**What to do:** Within the records that follow, restate exactly the lines from the line with "Cabela’s® Stainless Steel Tabletop Grill" down to the line with "distinct nonzero eigenvalues", including both. Omit the pictures.

**Data for review:**
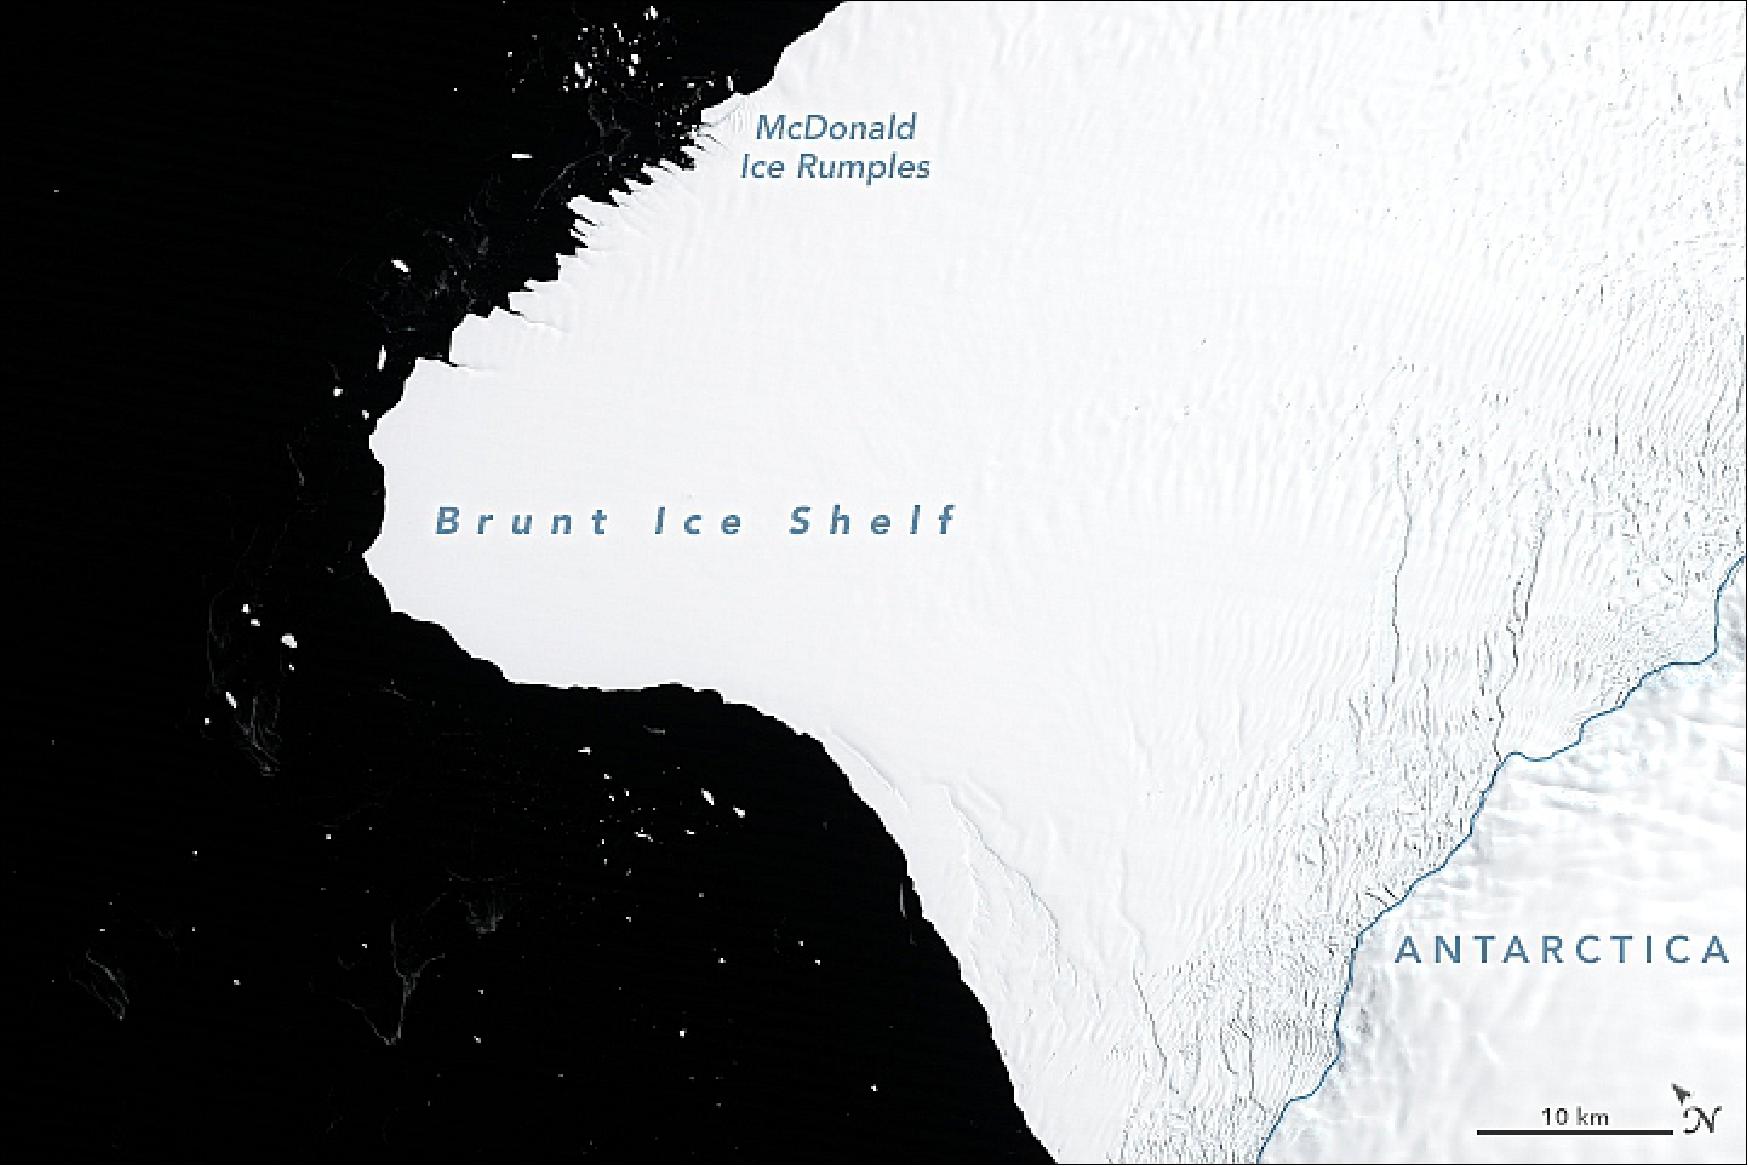 Figure 107: Antarctica's Brunt Ice Shelf acquired with the Thematic Mapper (TM) on Landsat-5 on 30 January 1986 (image credit: NASA Earth Observatory image by Joshua Stevens, using Landsat data from the U.S. Geological Survey. Story by Kathryn Hansen, with image interpretation by Chris Shuman)
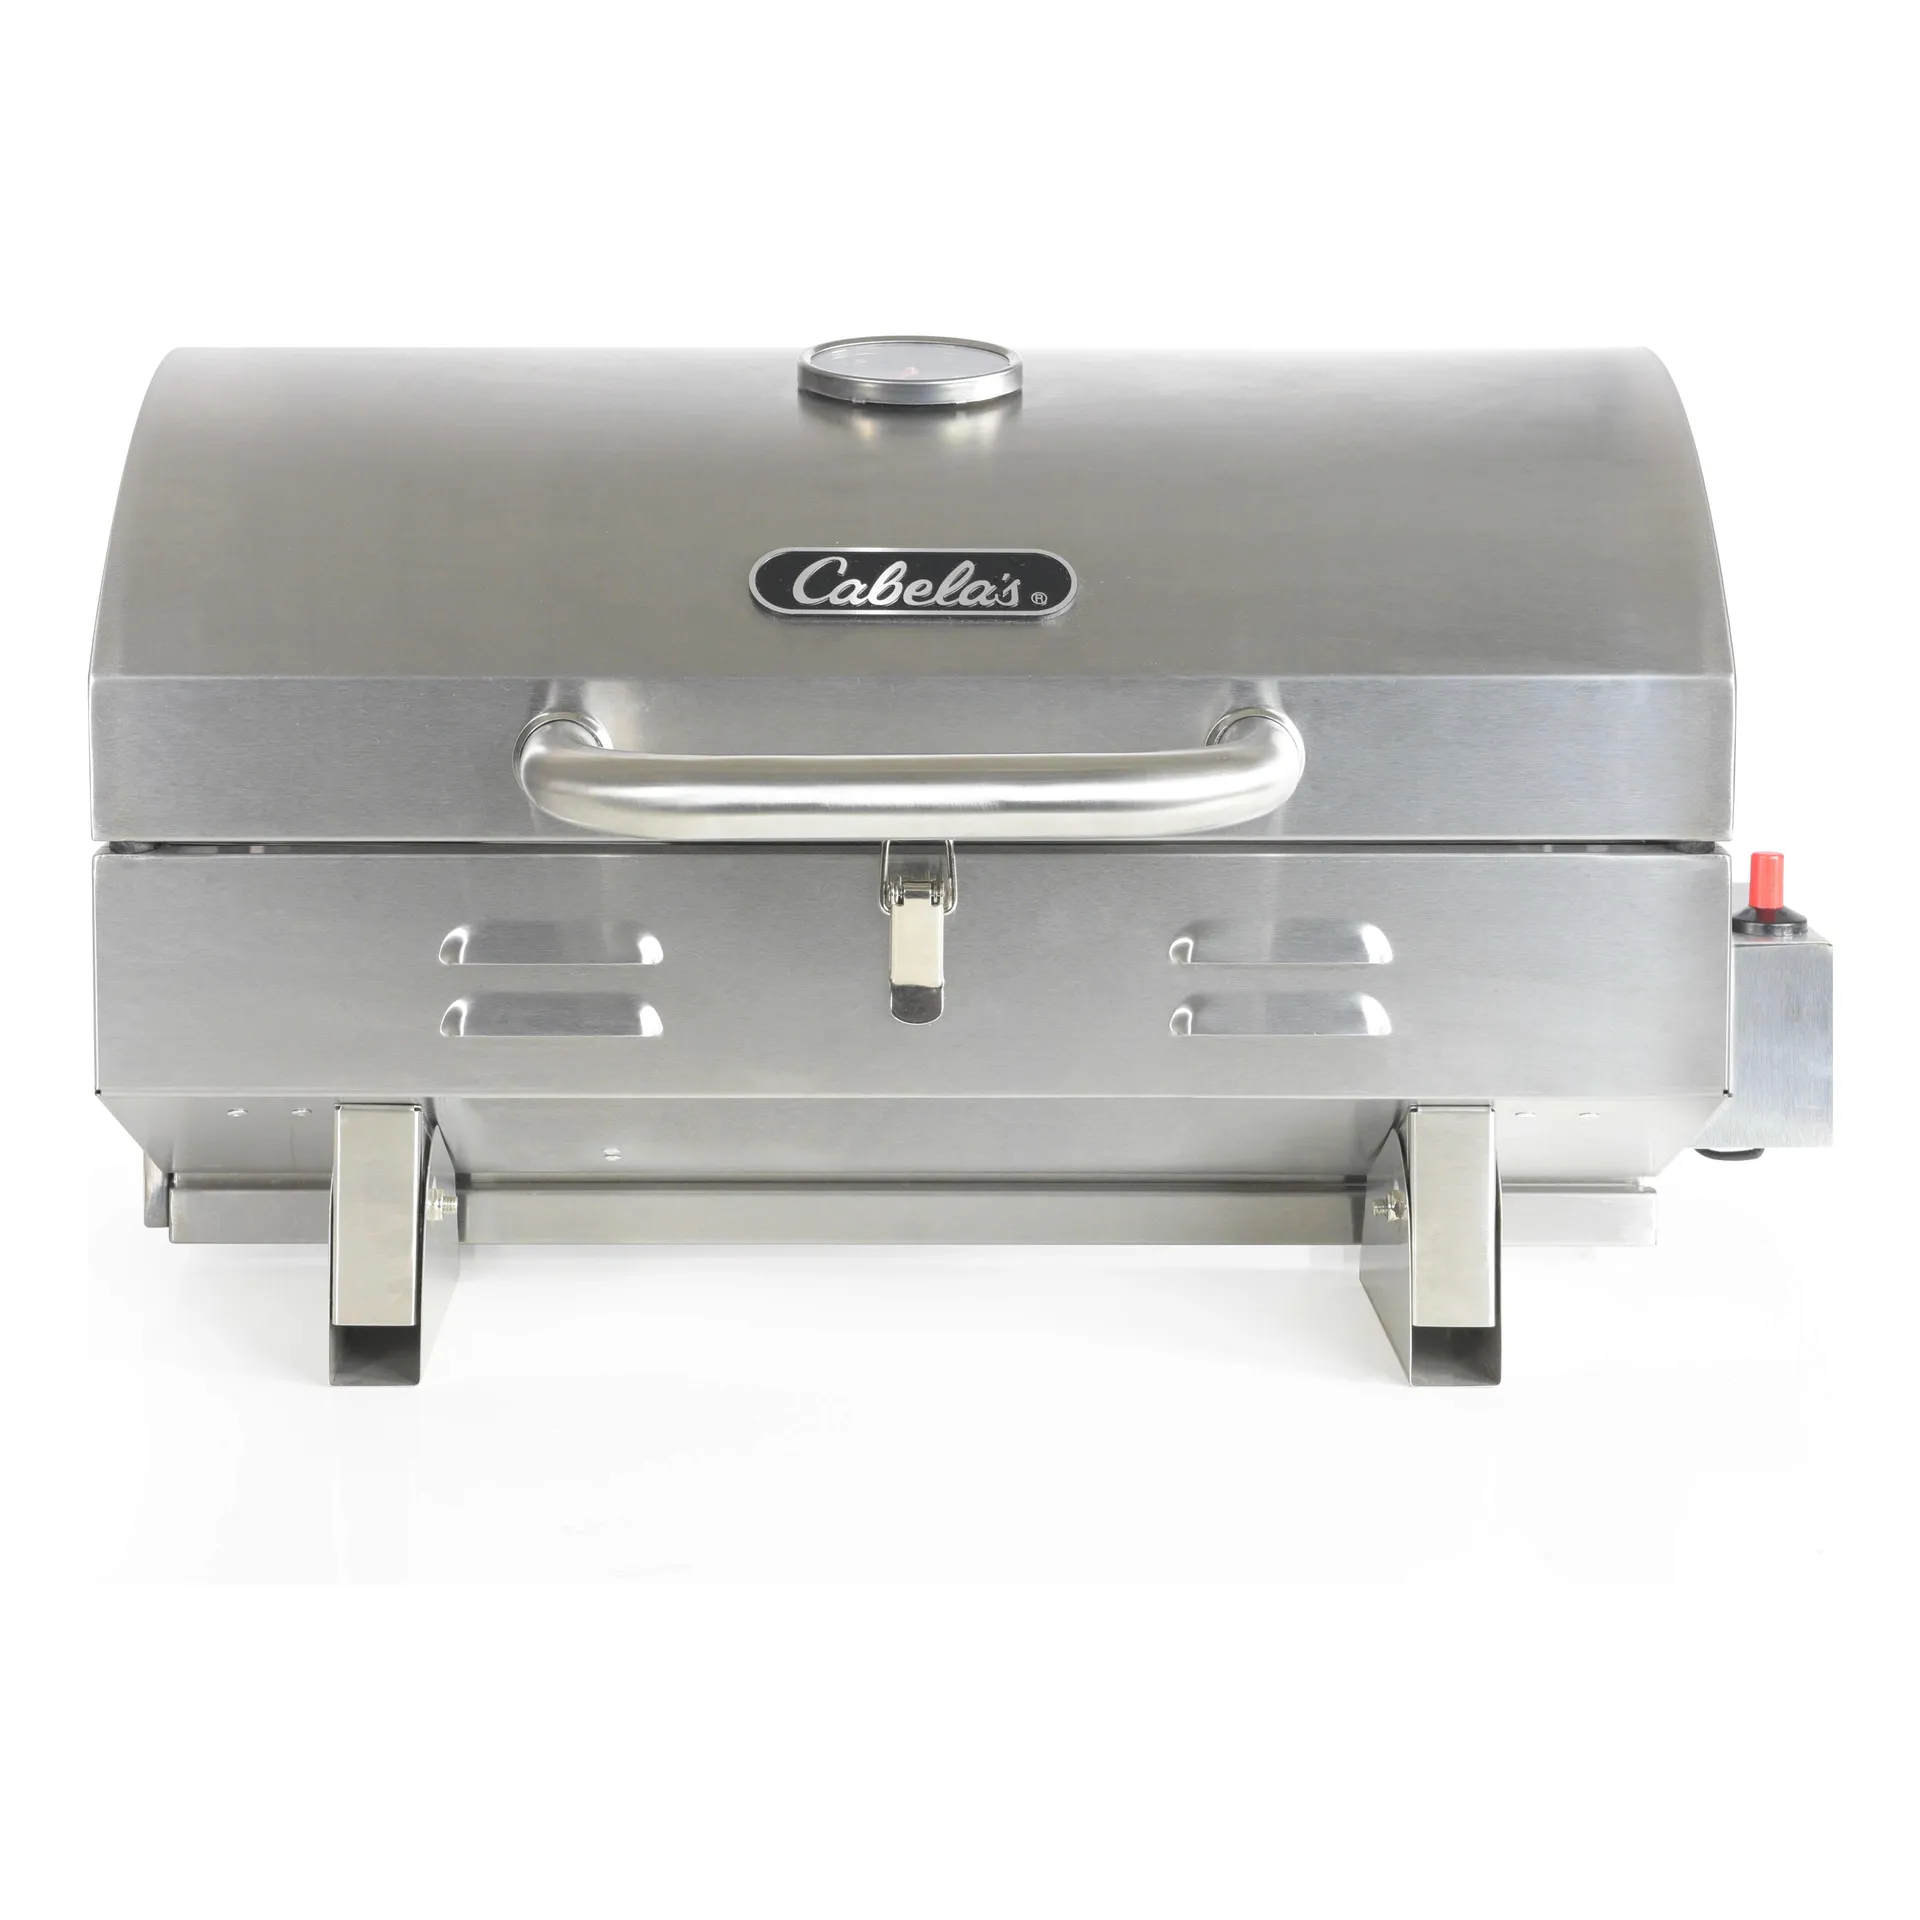 Cabela’s® Stainless Steel Tabletop Grill
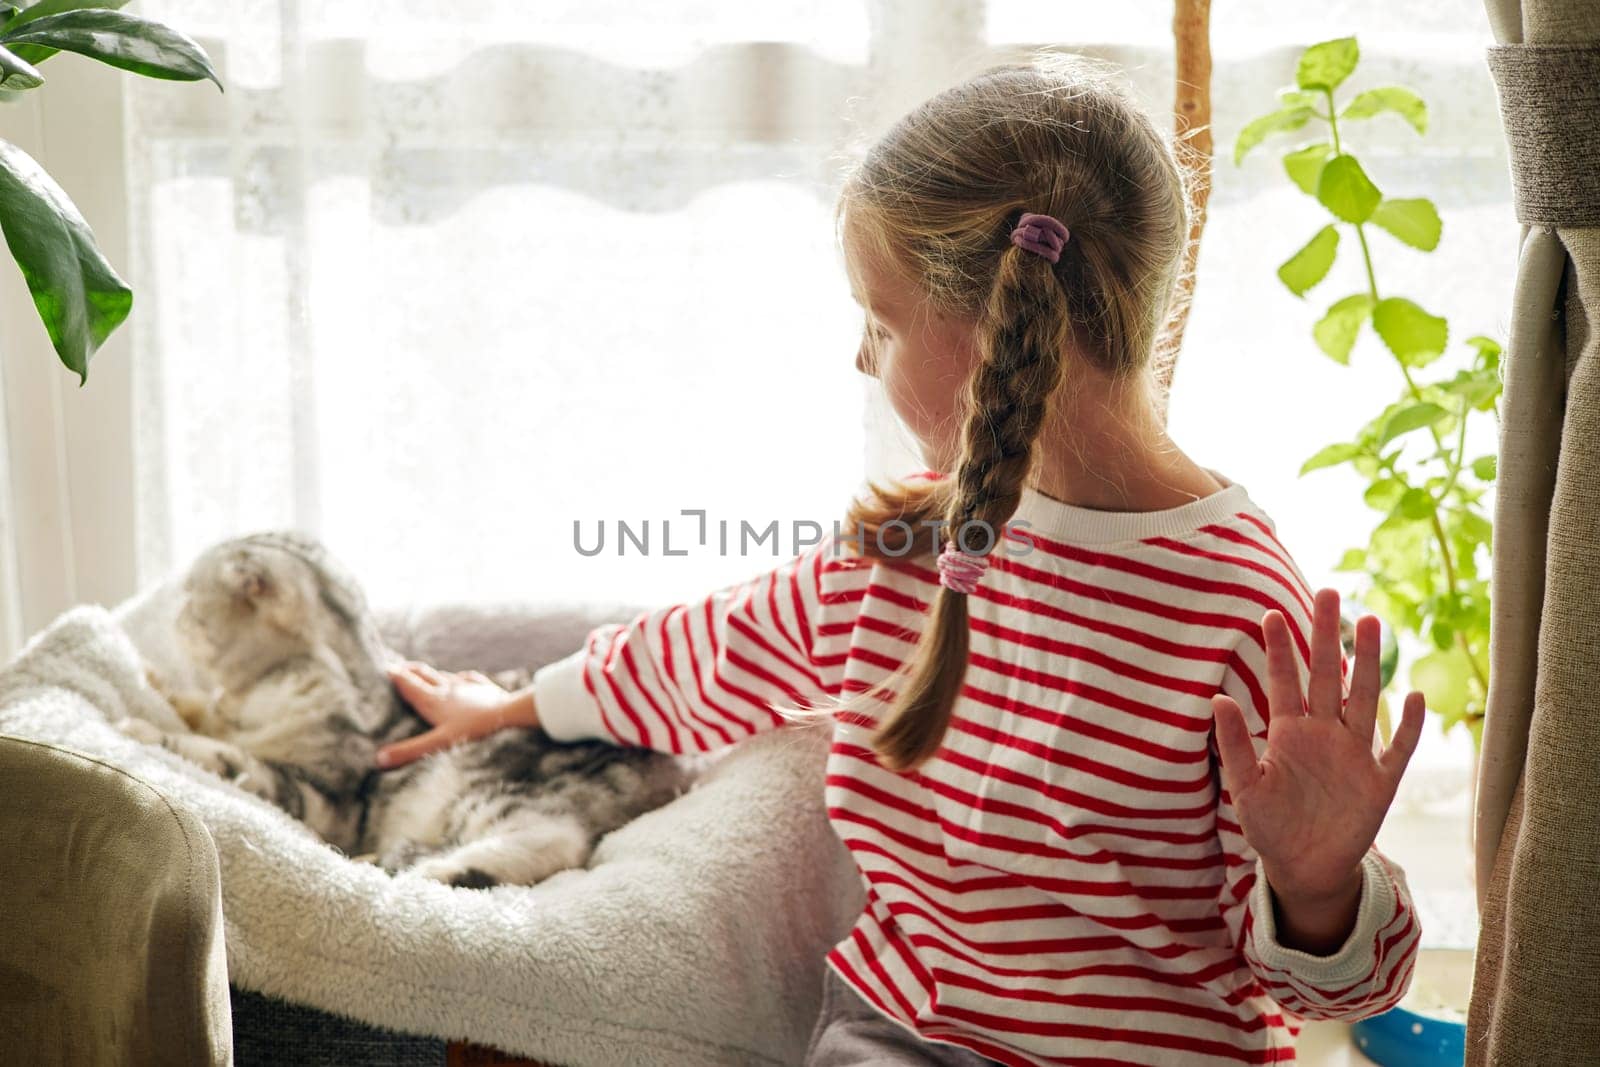 Little girl with plaits strokes purebred cat on windowsill by Demkat
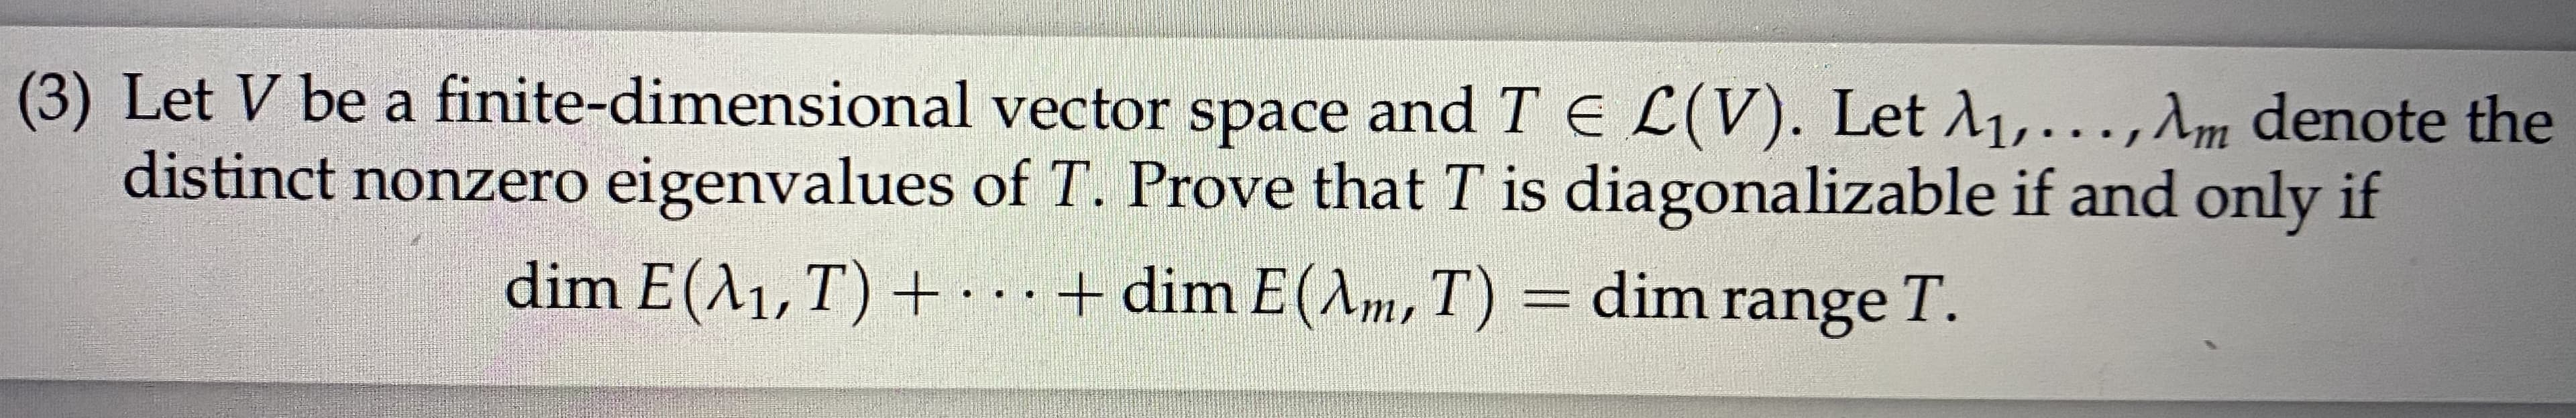 (3) Let V be a finite-dimensional vector space and TE L(V). Let A1,...,Am denote the
distinct nonzero eigenvalues of T. Prove that T is diagonalizable if and only if
dim E(A1,T) +
...+ dim E(m, T) = dim range T.

**Task output:**
 Cabela’s® Stainless Steel Tabletop Grill
 Little girl with plaits strokes purebred cat on windowsill by Demkat
 (3) Let V be a finite-dimensional vector space and TE L(V). Let A1,...,Am denote the
distinct nonzero eigenvalues of T. Prove that T is diagonalizable if and only if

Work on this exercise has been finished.